I don’t envy Baker for having to play those songs night after night on the road, even if she’s starting to make a real name for herself with them. On the heels of her recent signing to Matador Records, Baker returned to Milwaukee for a show at the Pabst Theater opening for one of her early inspirations, Death Cab For Cutie’s Ben Gibbard—who seemed a bit out of his element playing without a rock band, though he also seemed to relish playing a gig where he wasn’t expected to perform “The New Year” or “Transatlanticism” for the thousand-somethingth time. His one move was to start each song slow than gradually bleed its tempo from there, but what he lacked in gusto he made up for with charm. He regaled the crowd with stories about moving Los Angeles and old friends and Jonathan Richman, and memories of his first Milwaukee show at the Cactus Club, and touring through here and crashing with bands like Braid and Camden (man, Camen was so good), and how he nearly moved here once. Fans love that stuff, and they also loved hearing old favorites that have gradually been phased out of Death Cab’s live set, like The Photo Album’s “Blacking Out The Friction” or Something About Airplanes’ “Line of Best Fit.”
Gibbard’s ultra-slow songs about sleepness nights couldn’t help but feel a little hollow coming after Baker’s decidedly more intense take on the same general territory, though. And unlike Gibbard’s songs, Baker’s were written to be performed alone. A year on the road touring behind Sprained Ankle has made her set about as tight as it could possibly be. She filled the songs with small flourishes and purposeful pauses—hardly huge departures from their studio versions, but when your music is this barren, any minor deviation counts for a lot.

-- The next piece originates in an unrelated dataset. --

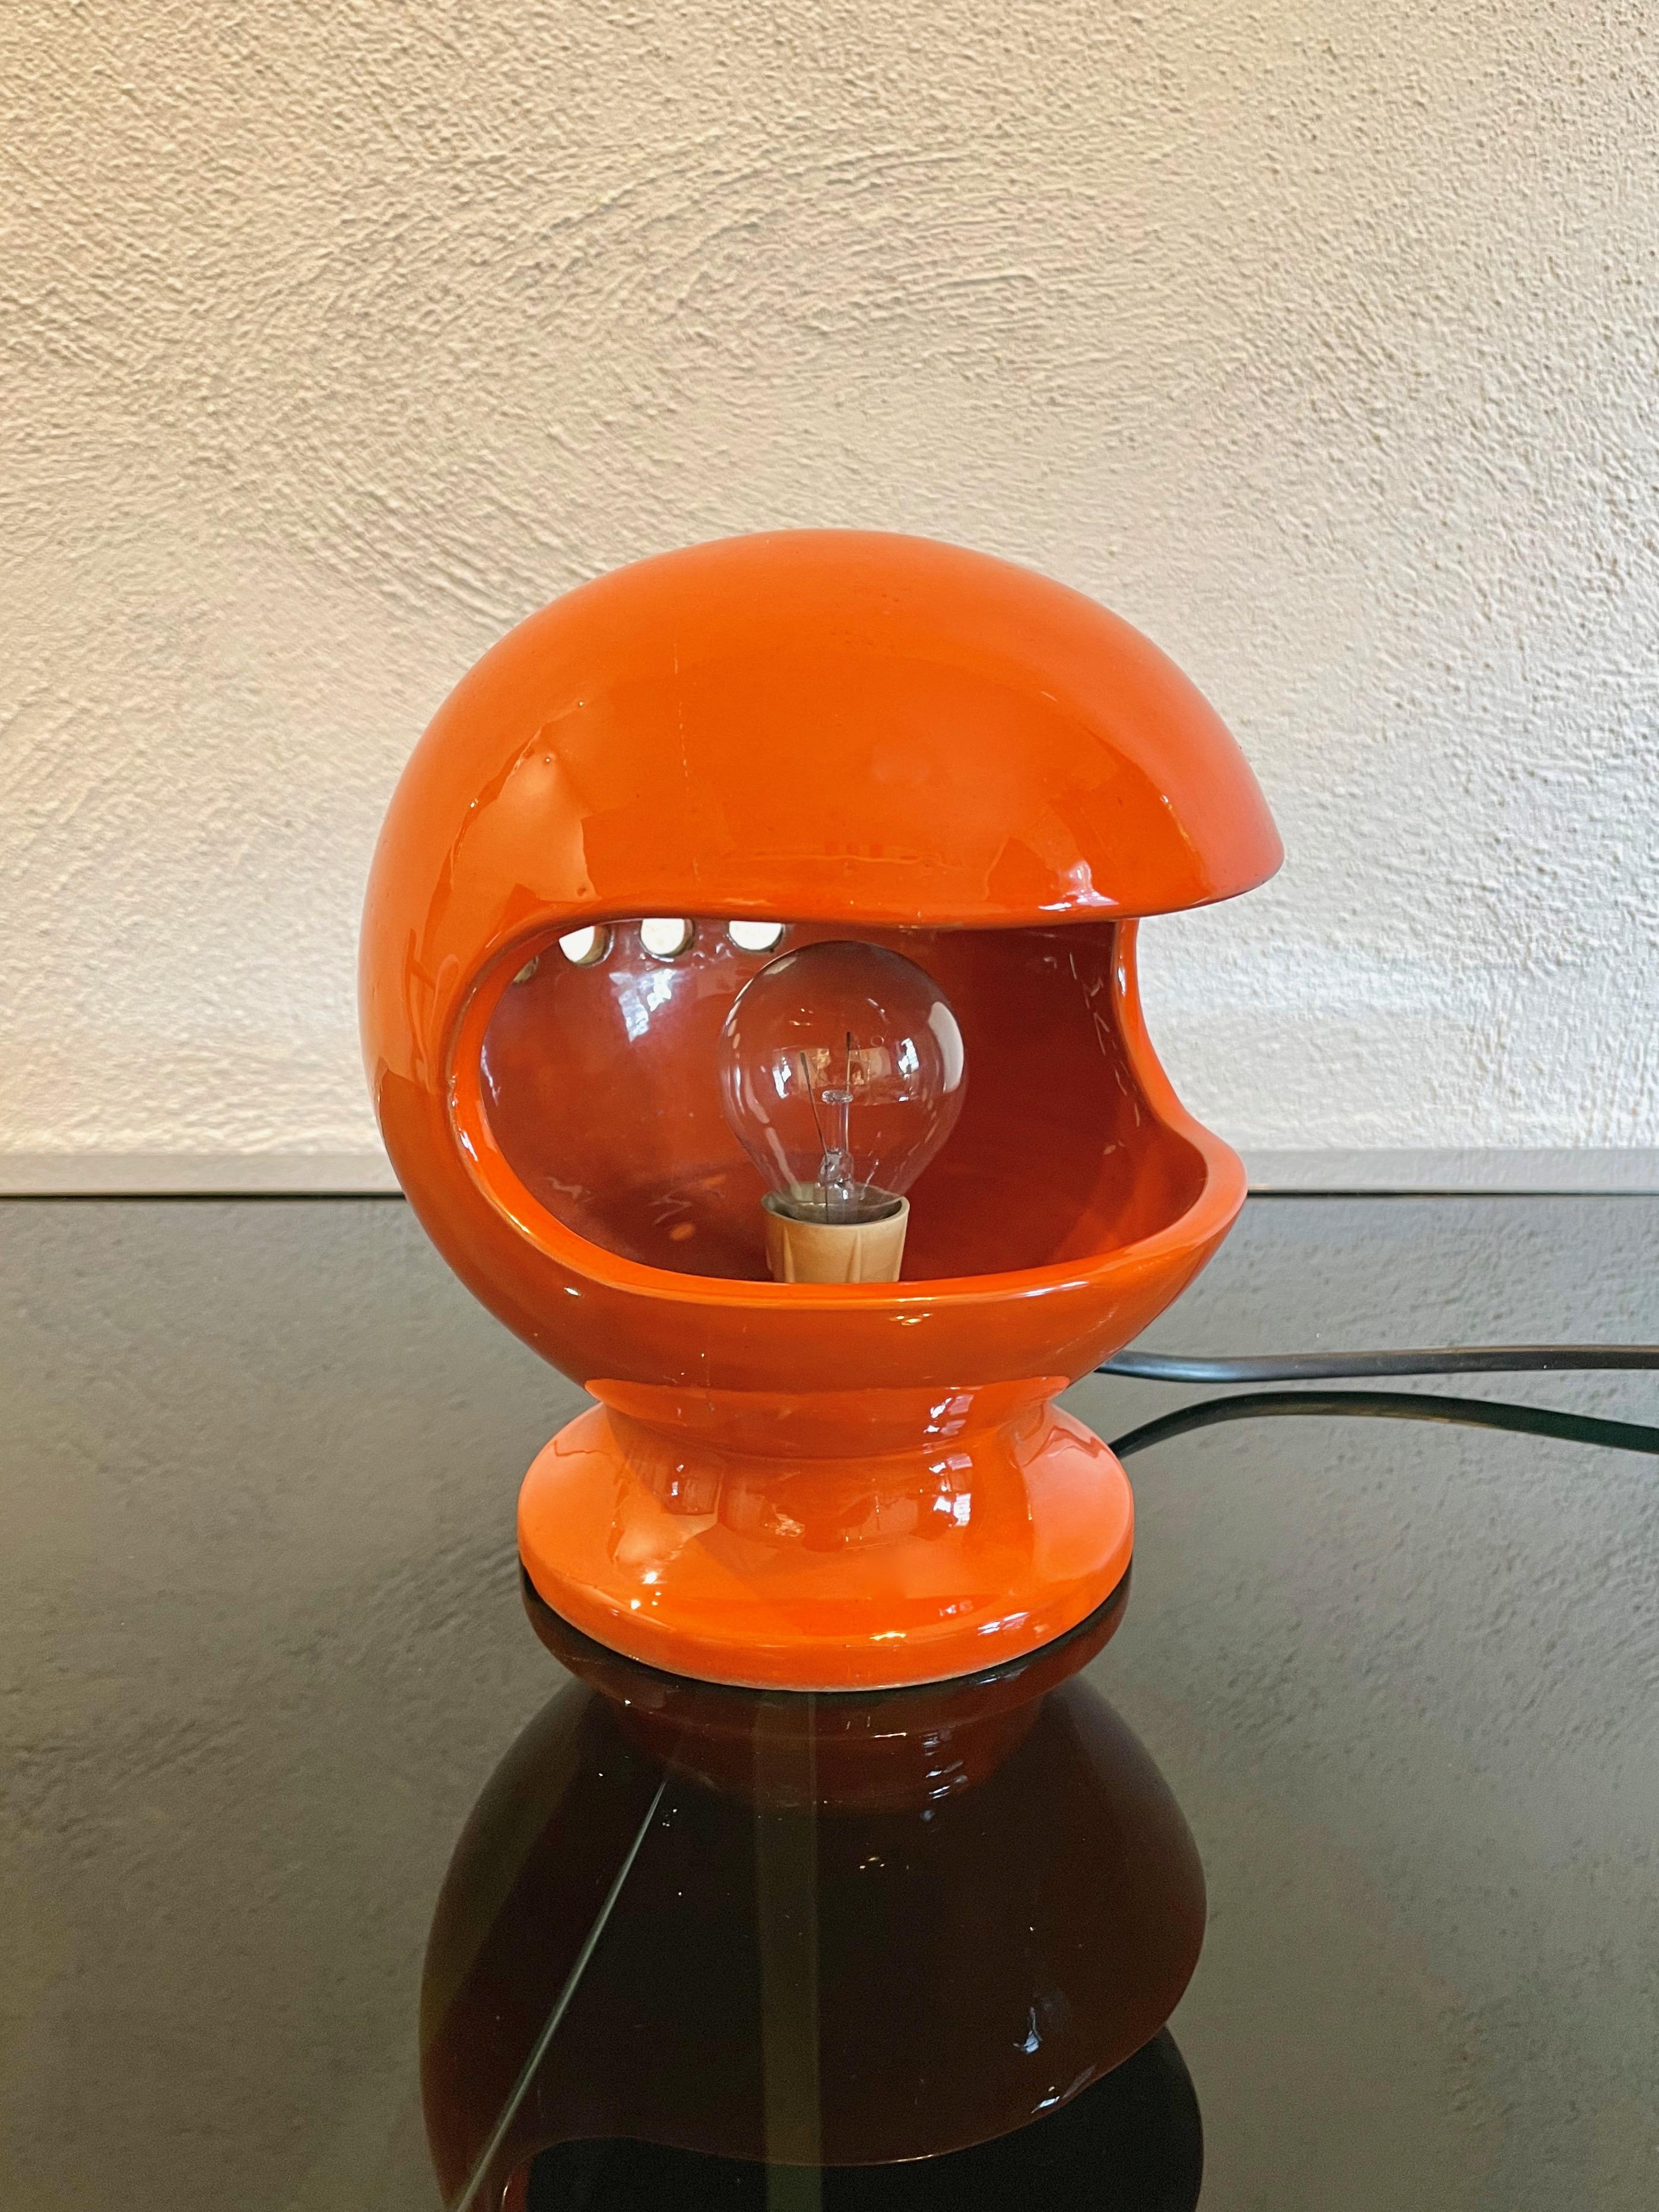 Lampe de table Space Age en céramique orange par Enzo Bioli pour Il Picchio. Fabriqué en Italie dans les années 1960. 

La signature originale indiquant

If there was anybody in the theater hit harder by her set than me, I’d love to buy them a drink. They’re some of my favorite songs of the last decade, yet hearing them again makes me feel the way a hospital patient might about seeing an old IV bag or cast. They've done me nothing but good but they can’t escape their association with shittier times.
Toward the end of her set she played “Rejoice,” and though I got through it, I couldn't have been more relieved when it was over.